Technical details
This section is for some of the more technically inclined, though you’ll find more context and detail in and S. N. Wood (2006) and S. N. Wood (2017), from which a good chunk of this section is taken more or less directly from.
GAM
As we noted before, a GAM is a GLM whose linear predictor includes a sum of smooth functions of covariates. With link function \(g(.)\), model matrix \(X\) of \(n\) rows and \(p\) features (plus a column for the intercept), a vector of \(p\) coefficients \(\beta\), we can write a GLM as follows:
\[\mathrm{GLM:}\quad g(\mu) = X\beta\] For the GAM, it could look something like:
\[\mathrm{GAM:}\quad g(\mu) = X\beta + f(x_1) + f(x_2) + f(x_3, x_4) + \ldots\] or in a manner similar to mixed models:
\[\mathrm{GAM:}\quad g(\mu) = X\beta + Z\gamma\]
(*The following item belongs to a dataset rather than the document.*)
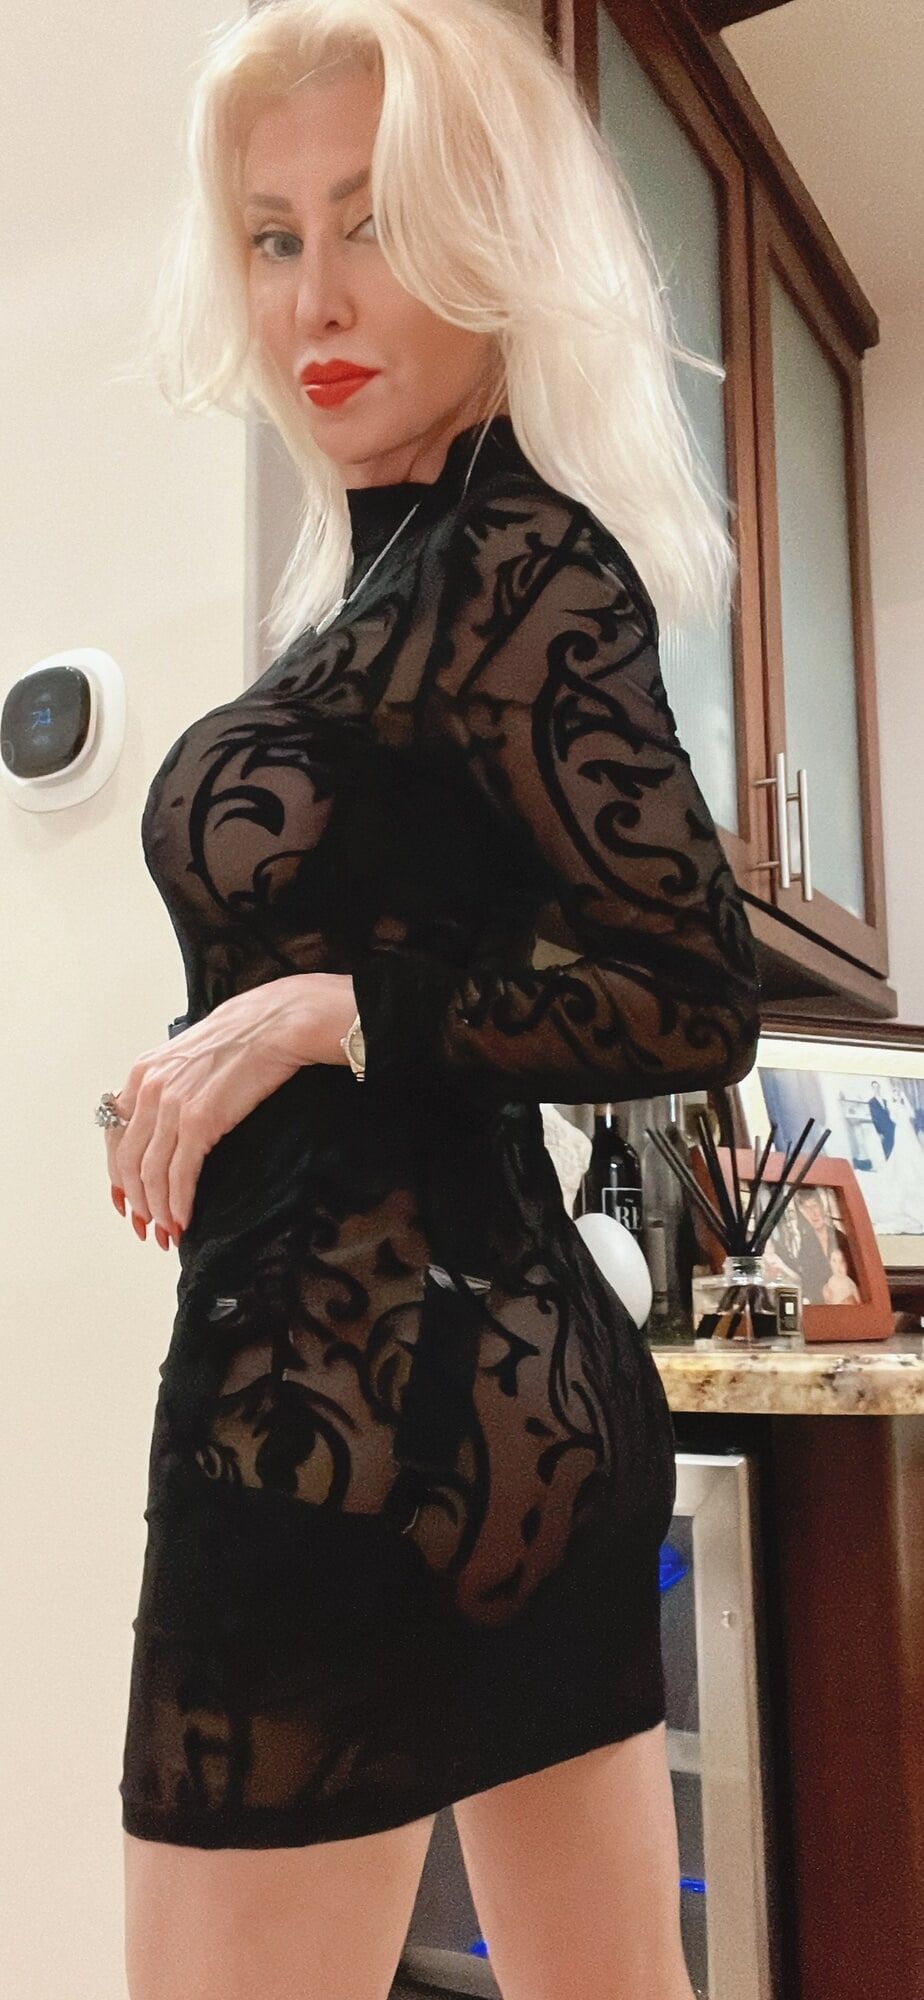 Going out in a sheer dress again  #8

Where \(Z\) represents the basis functions of some subset of \(X\) or other features. So, we can have any number of smooth terms, possibly of different bases, and even combinations of them.
Finally, we can depict the structured additive regression, or STAR, model as a GAM + categorical random effects (\(\Upsilon\)) + spatial effects (\(\Xi\)) + other fun stuff (\(?\)).
\[\mathrm{STAR:}\quad g(\mu) = X\beta + Z\gamma + \Upsilon\varpi + \Xi\varrho + \ldots \mathbf{?}\vartheta \]
Penalized regression
Consider a standard GLM that we usually estimate with maximum likelihood, \(l(\beta)\), where \(\beta\) are the associated regression coefficients. We can write the penalized likelihood as follows:
\[l_p(\beta)= l(\beta) - \color{#b2001d}{\lambda B'SB}\]
Where \(S\) is a penalty matrix of known coefficients49. If you prefer least squares as the loss function, we can put it as:
\[\mathcal{Loss} = \sum (y-X\beta)^2 + \color{#b2001d}{\lambda B'SB}\]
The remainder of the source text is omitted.